Prompt specificity improves segmentation accuracy, except for diagnosis-only prompts.
VoxTell's performance is comparable to fine-tuned models and outperforms other zero-shot models.
Abstract
Zero-shot vision-language models (VLMs) offer a promptable alternative to task-specific training for gross tumor volume (GTV) delineation in non-small-cell lung cancer (NSCLC), but the prompt dimensions that govern their spatial behavior remain poorly understood.

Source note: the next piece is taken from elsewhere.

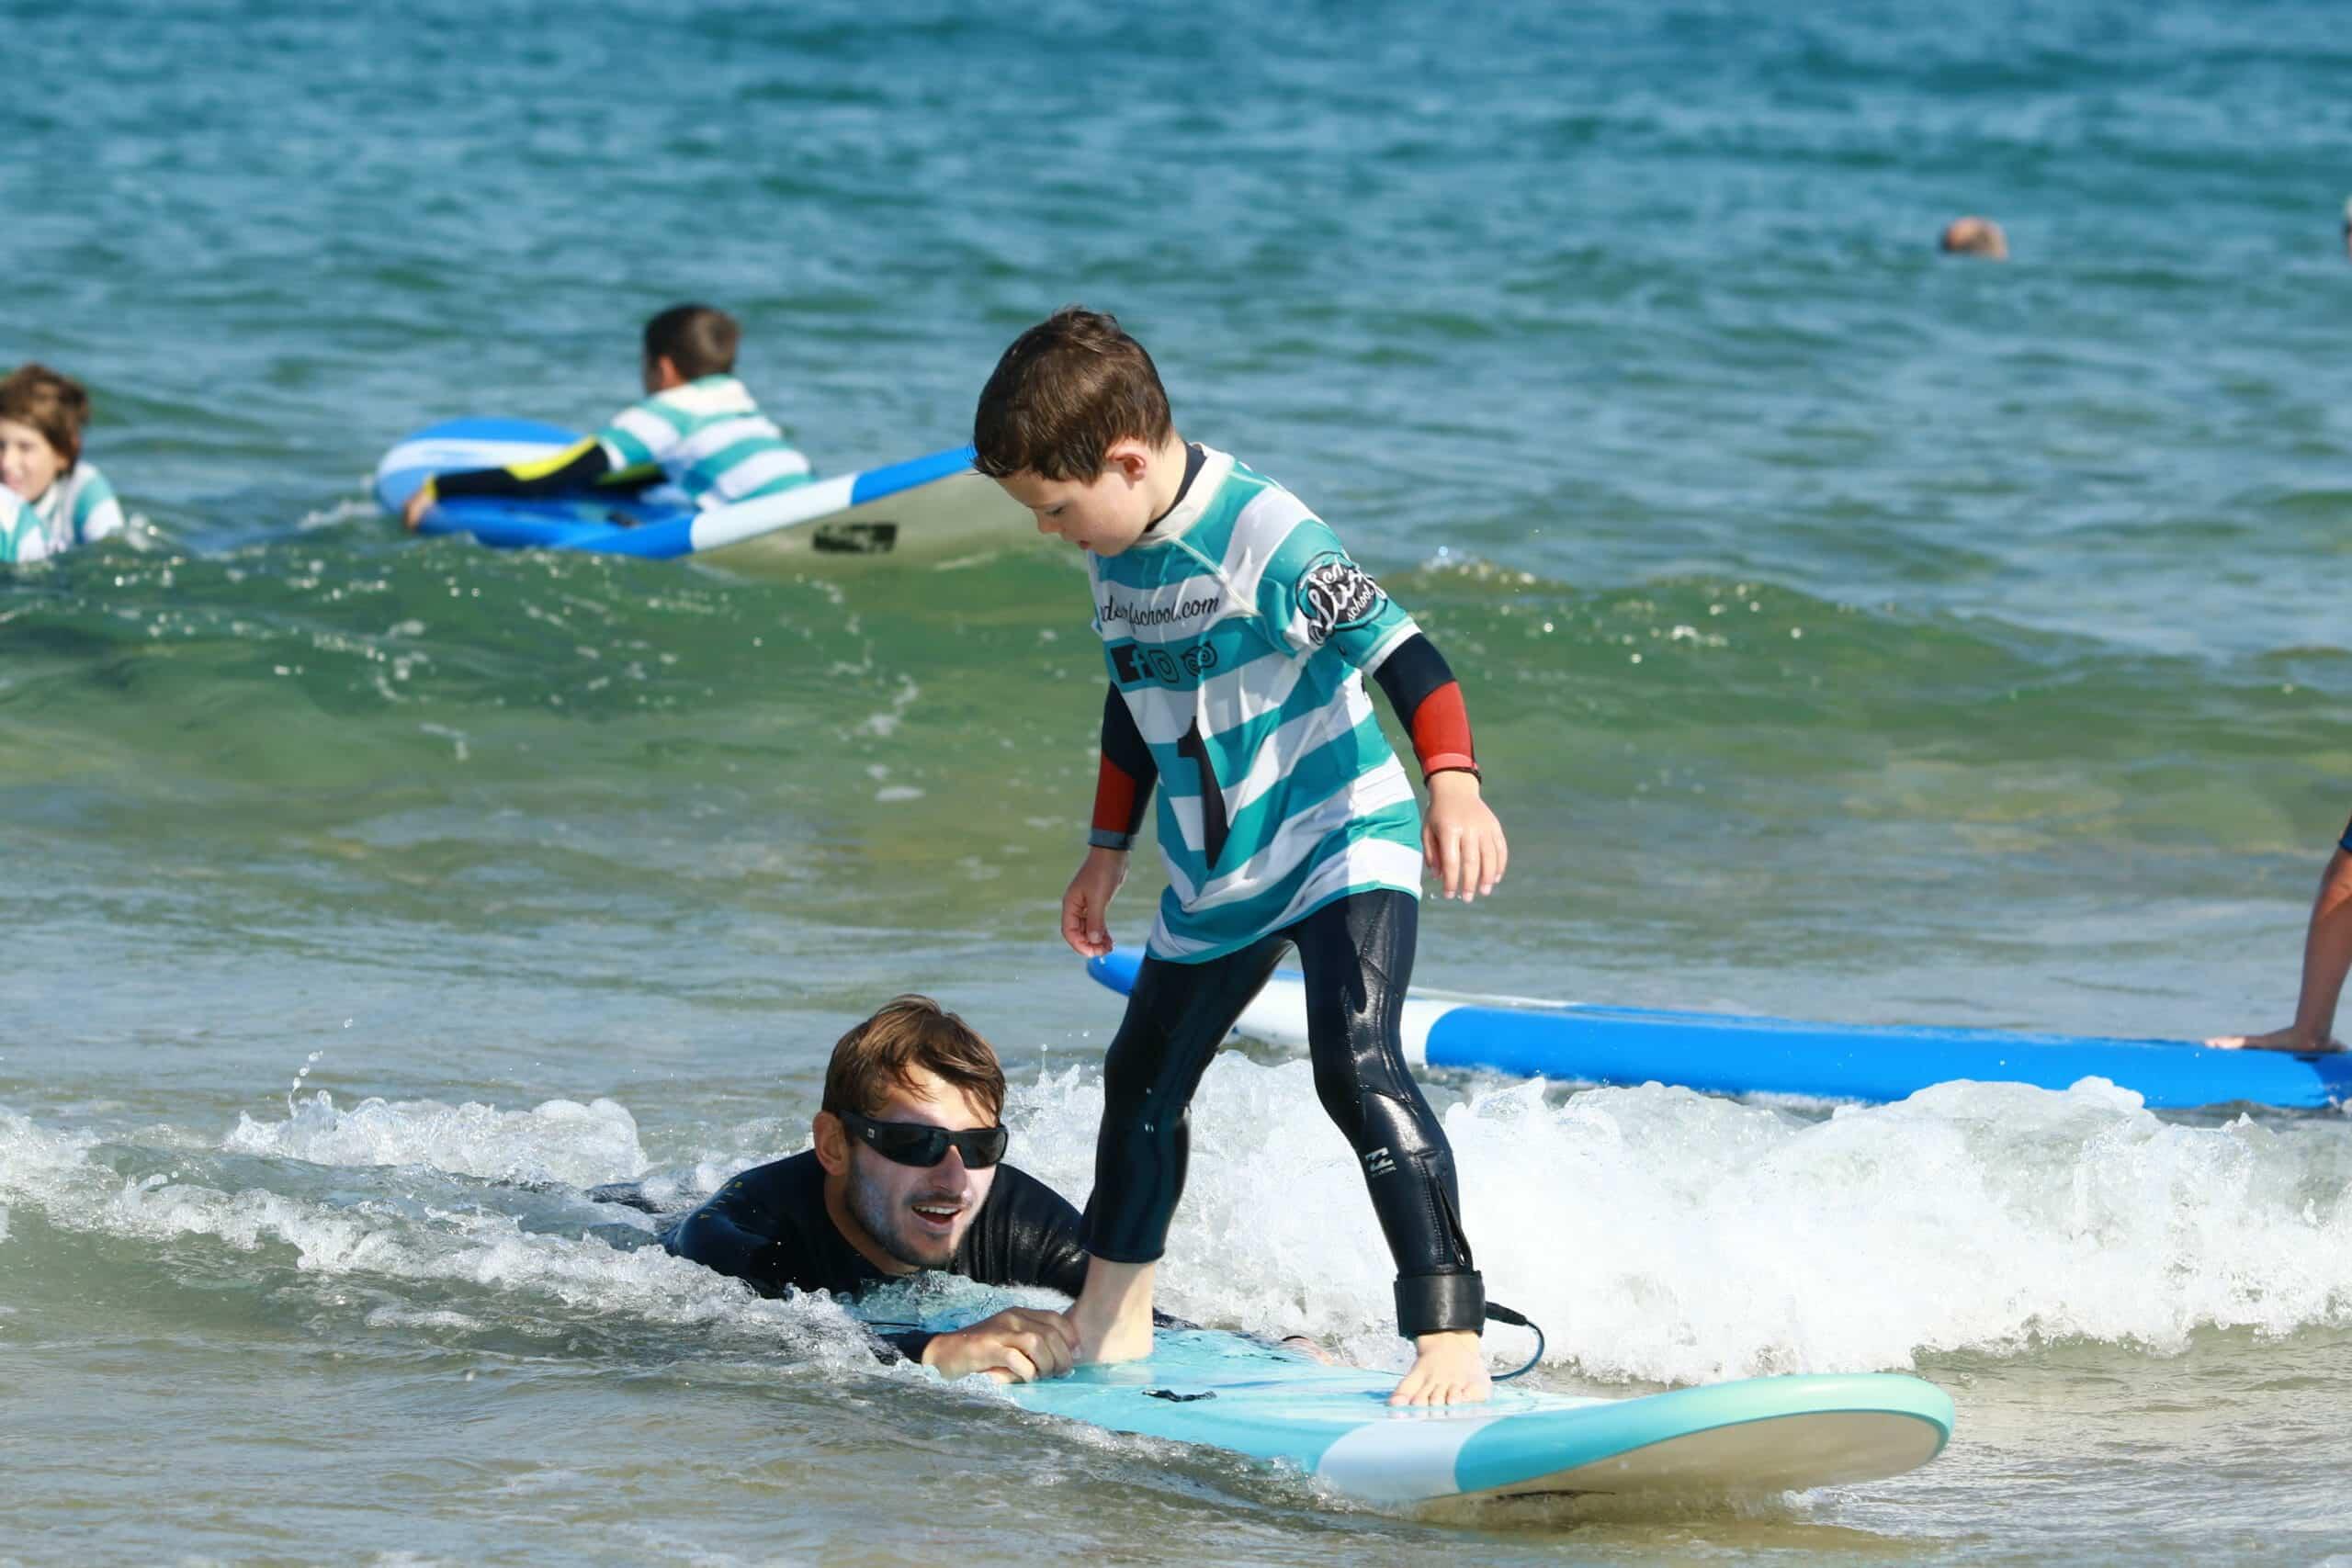 un moniteur aide l'enfant à prendre une belle vague

We study this question by probing alignment directions in VoxTell on a held-out internal NSCLC tumor dataset through sub-prompt decomposition into diagnosis, demographic, staging, anatomical, generic, and irrelevant controls; attribute-wise perturbation robustness; specificity ladders; and cross-case prompt swaps, while benchmarking against fine-tuned and zero-shot baselines using the Dice Similarity Coefficient (DSC) with Wilcoxon signed-rank tests and Benjamini-Hochberg correction. Alignment analyses revealed that anatomical location is the dominant driver of VoxTell's spatial attention: 63.4 percent of location perturbations…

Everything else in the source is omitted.